▶ [Instructions for the task] With pictures removed, print the listing exactly.

Given material below:

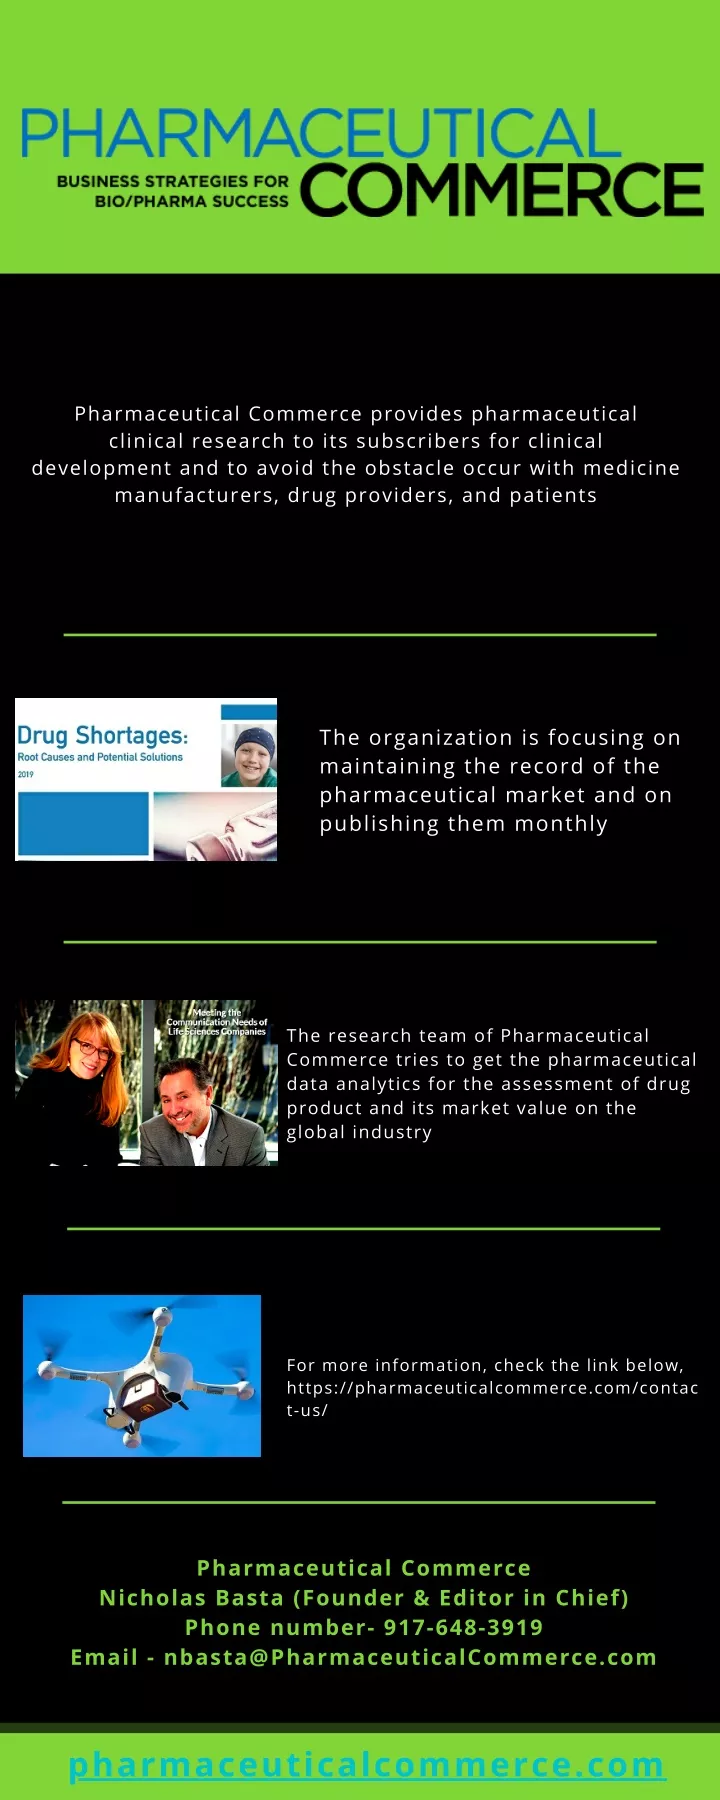 pharmaceutical commerce provides pharmaceutical
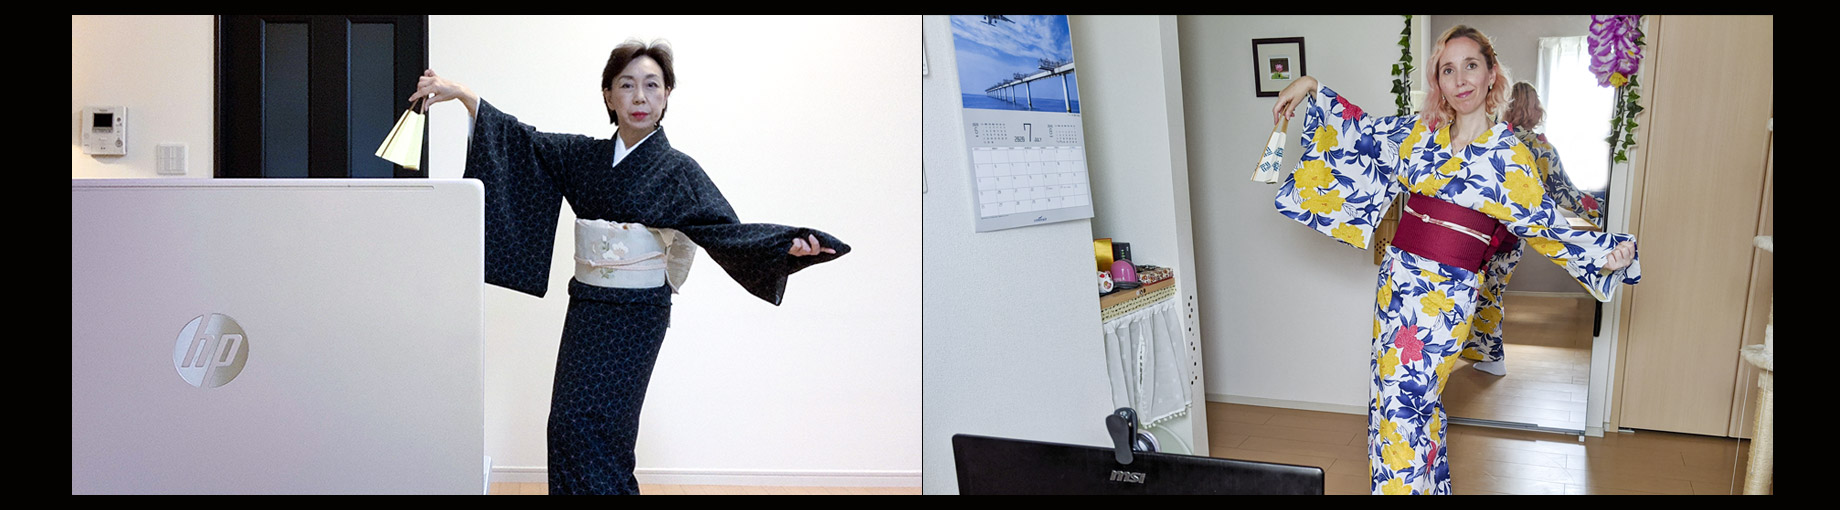 日本舞踊オンライン教室 西川陽子
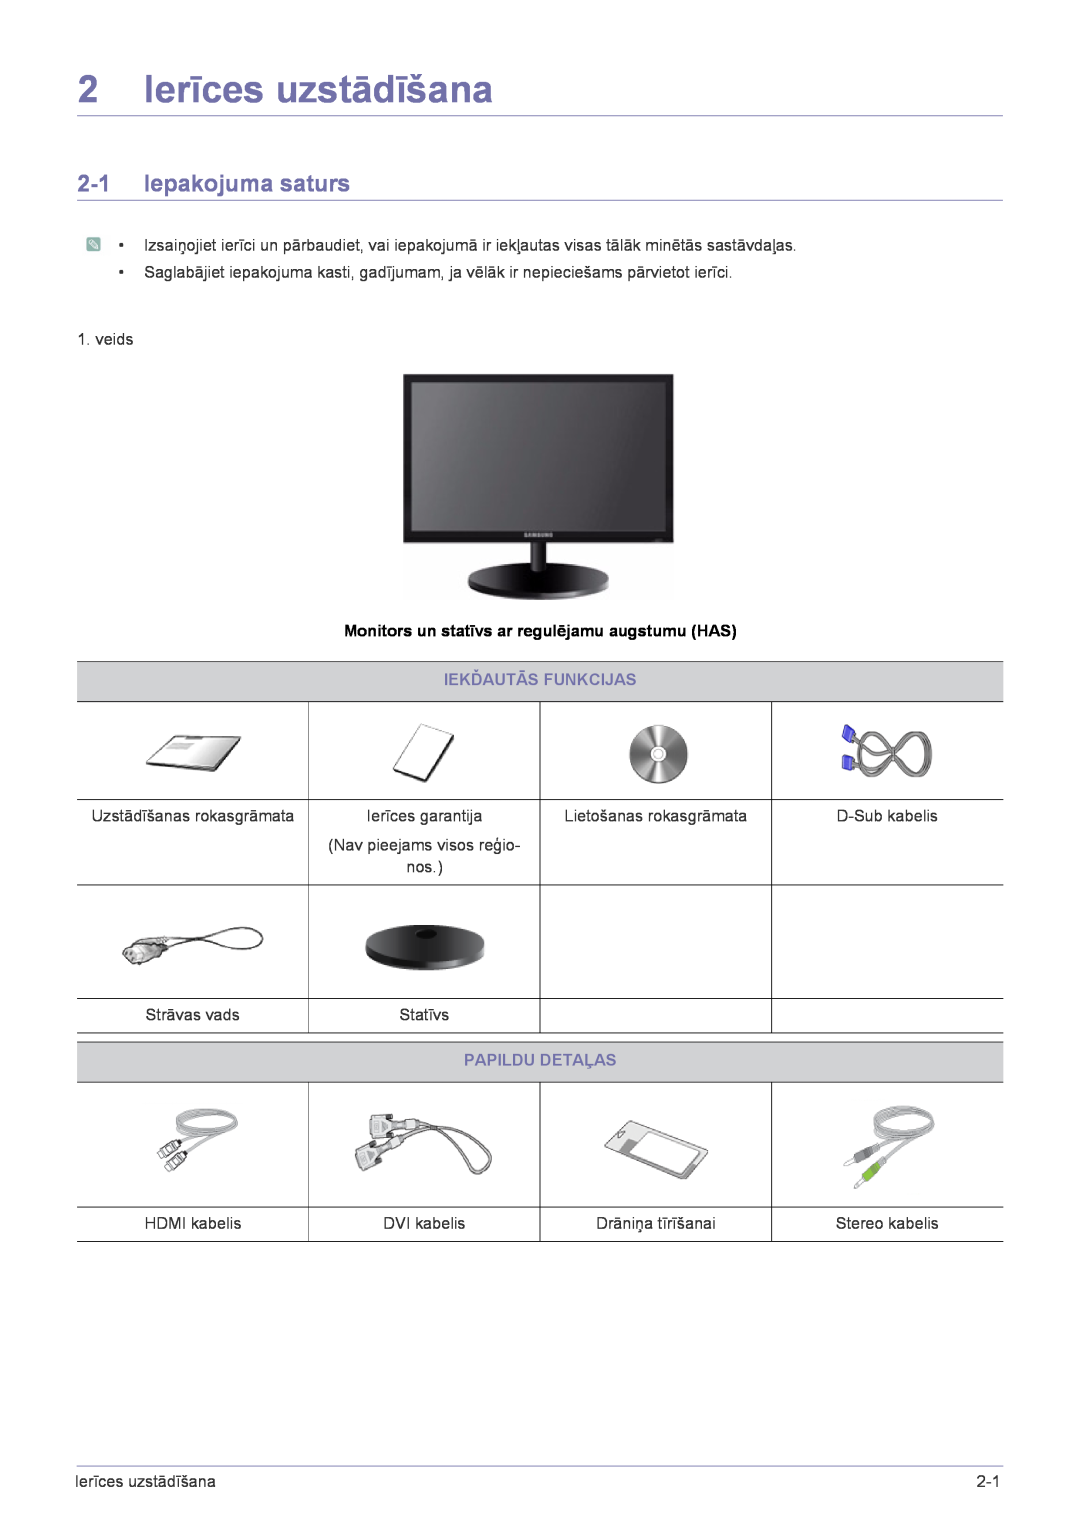 Samsung LS19CLNSB/EN manual 2 Ierīces uzstādīšana, Iepakojuma saturs, Monitors un statīvs ar regulējamu augstumu HAS 
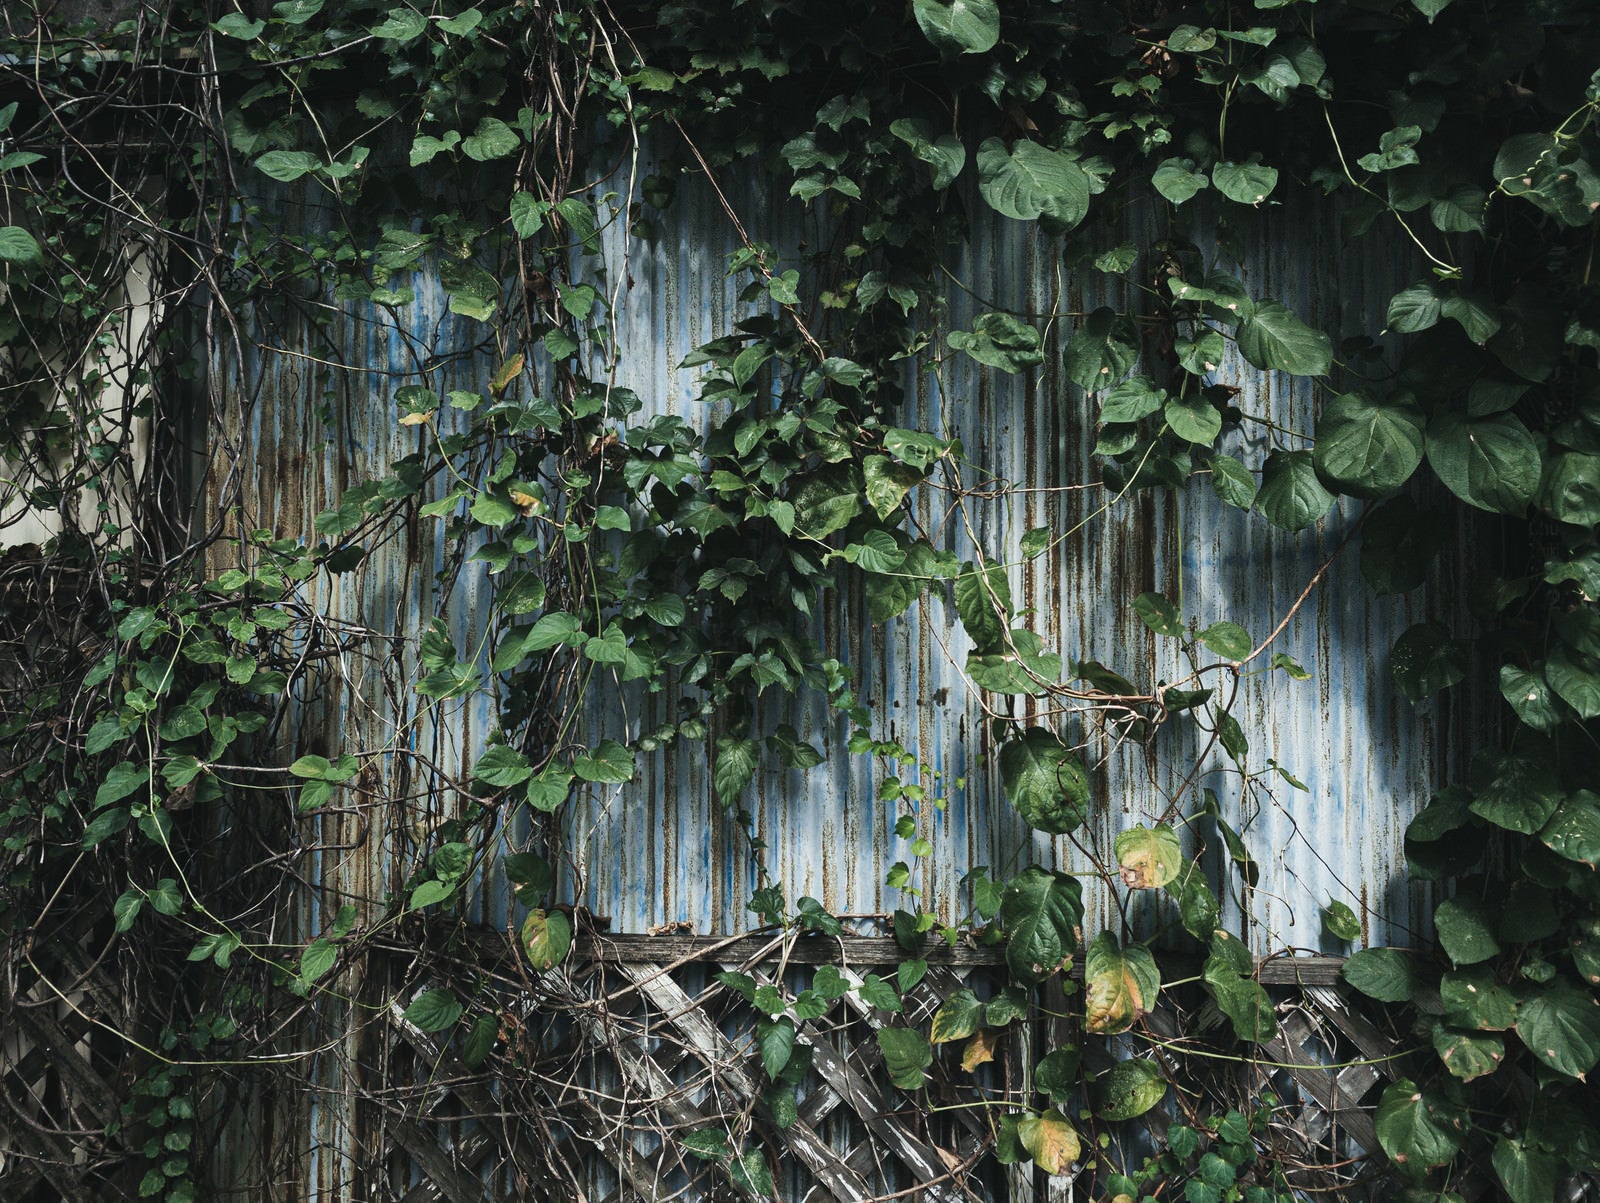 「つる植物で囲まれた廃屋の壁」の写真

End of Given material.

▶ [Worked solution]
 pharmaceutical commerce provides pharmaceutical
 日本舞踊オンライン教室 西川陽子
 Samsung LS19CLNSB/EN manual 2 Ierīces uzstādīšana, Iepakojuma saturs, Monitors un statīvs ar regulējamu augstumu HAS 
 「つる植物で囲まれた廃屋の壁」の写真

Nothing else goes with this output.